# Williams Wheels



## smankow (Jul 24, 2011)

anyone familiar with Williams Wheels? a friend is thinking about getting a set for the bike that he is building up. any idea as to the quality or the wheels?


Steve


----------



## tharmor (Jan 3, 2009)

smankow said:


> anyone familiar with Williams Wheels? a friend is thinking about getting a set for the bike that he is building up. any idea as to the quality or the wheels?
> 
> 
> Steve



Look up Graeme Street who runs CycloCore (YouTube channel). He's been on board with Williams since the beginning and has done a variety of reviews on their wheels. I felt that his reviews were unbiased and fair.


----------



## M5Manny (Jun 13, 2012)

tharmor said:


> Look up Graeme Street who runs CycloCore (YouTube channel). He's been on board with Williams since the beginning and has done a variety of reviews on their wheels. I felt that his reviews were unbiased and fair.

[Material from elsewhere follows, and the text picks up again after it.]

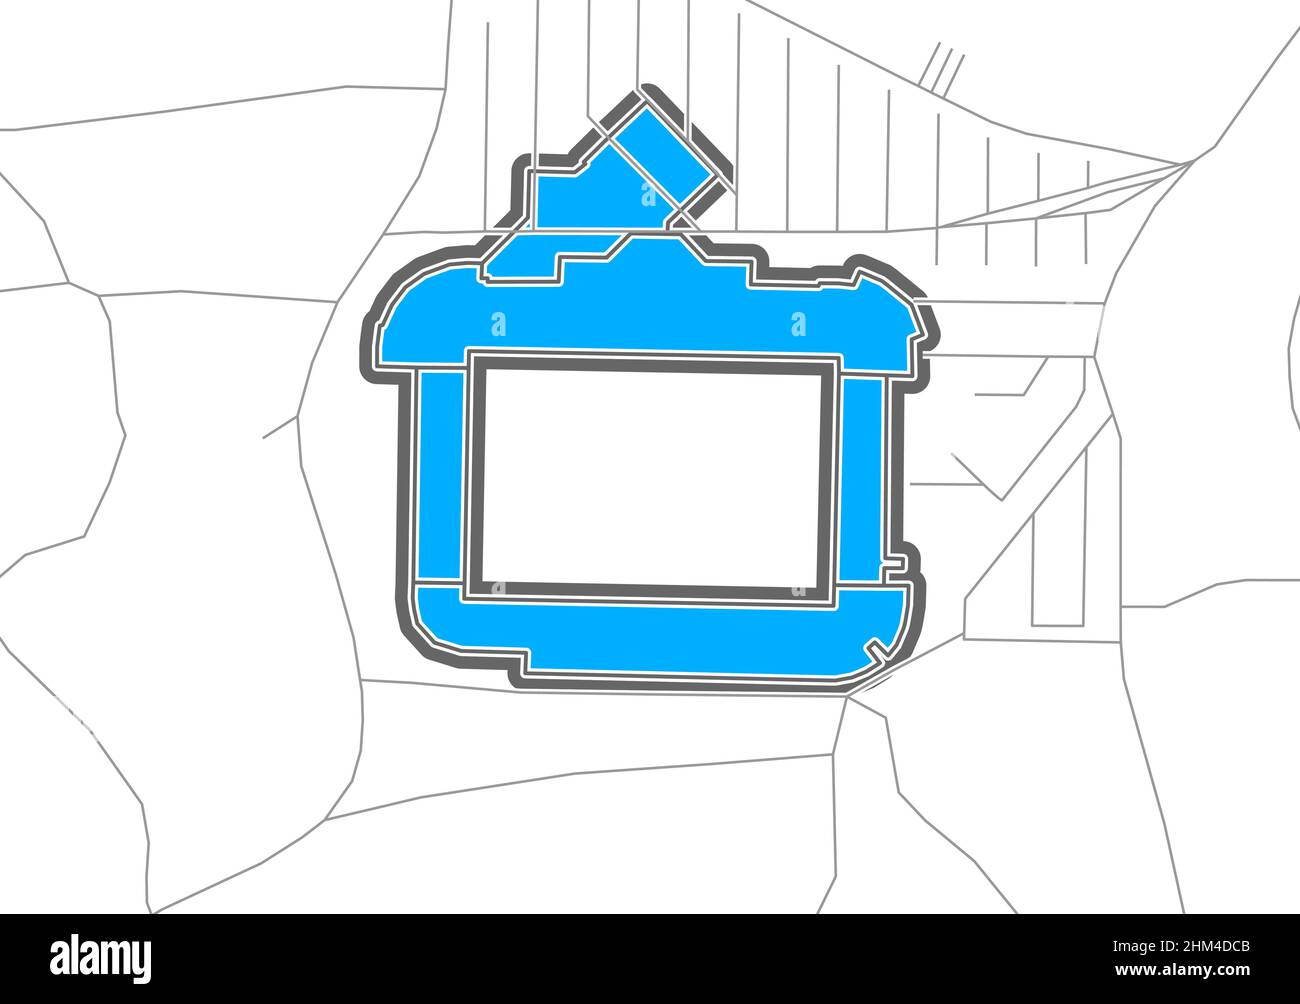 Heidenheim, stade de football, carte vectorielle.La carte bundesliga statium a été tracée avec des zones blanches et des lignes pour les routes principales, les routes latérales. Illustration de Vecteur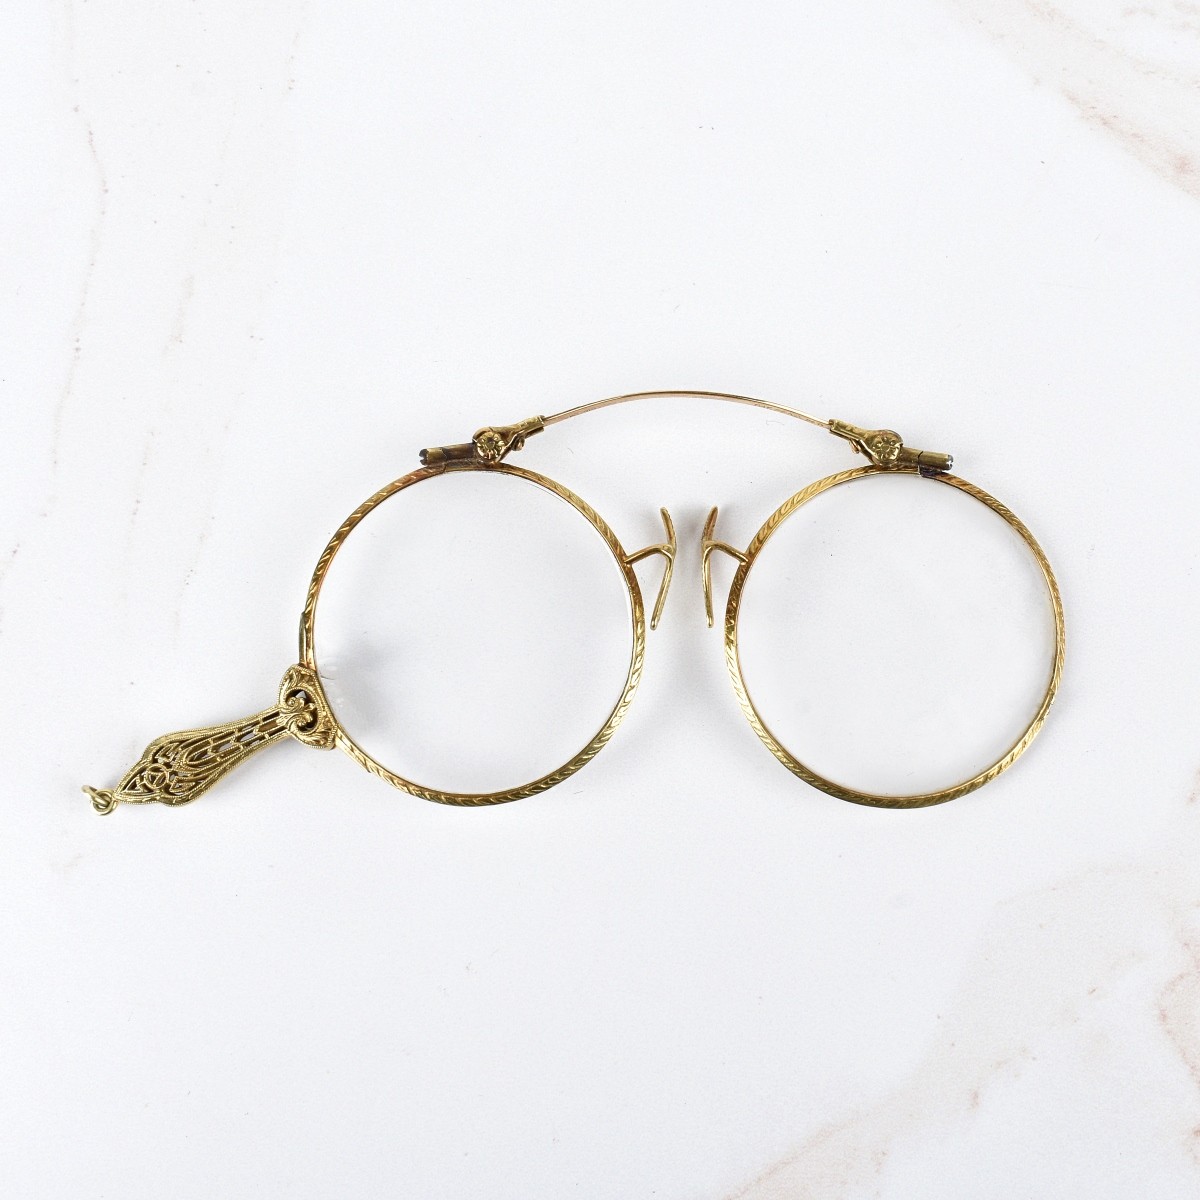 Antique 14K Lorgnette Spectacles

+1 Graeme offers a very realistic review of Williams wheels all in one easy place to access; Youtube.


----------



## Warpdatframe (Dec 9, 2012)

Some of Graeme's reviews of them are good, and some are not. He is somewhat sponsored by Williams so the reviews are going to have a bit of bias. Personally I think they are pretty descent wheels. I've ridden the 38 clinchers and my own ec90 sl clinchers. The major differences were with the braking and stiffness. The Eastons have very predictable braking and unbelievable stiffness, but they also retail for 1000 dollars more. I also know people who thrash Williams through the cross season with no problems.


----------



## RoadrunnerLXXI (Jun 3, 2012)

You should have your friend look into Boyd's Wheels as well. Alot of riders on here have good reviews on their wheels. You can also find it on youtube. Do a search here by typing in Boyd Cycling or Boyd Wheels or you can check out their website.

Boyd Cycling - High Performance Wheels You Can Afford


----------



## dkilburn (Aug 1, 2009)

I was hoping find more reviews on them.
I was looking for a lower profile 38c mm maybe good.
They are price good.
Thanks,


----------



## daddyjakes (Aug 13, 2011)

Does anyone have any experience with the Williams wheel system 30? How wide are they? I can't find it on the site.


----------



## AJ88V (Nov 14, 2012)

daddyjakes said:


> Does anyone have any experience with the Williams wheel system 30? How wide are they? I can't find it on the site.


No experience with them, but I was considering them myself until I ran across this deal from Competitive Cyclist - HED Ardennes SL for $660 shipped:
HED Ardennes SL Wheelset - Clincher - Competitive Cyclist
Name brand wheel, 2 year MFG warranty, plus lifetime returns from CC. There's a thread over on Hot Deals section if you want more info. Mine are supposed to arrive on Saturday!


----------



## ziscwg (Apr 19, 2010)

daddyjakes said:


> Does anyone have any experience with the Williams wheel system 30? How wide are they? I can't find it on the site.


They are your std 19 mm wide outside and about 15 mm inside (widths).

I run 25mm tires on mine. They work fine

I will say that Williams has excelent customer service. I wanted a few extra spokes, just in case, Keith (the owner) put them in the mail that day at no charge. When I had question on regreasing the free hub, he was happy to help.

The wheels are a good value. Sure there are better wheels, but you pay more, like a lot more if you want to go zippin' down the road.


----------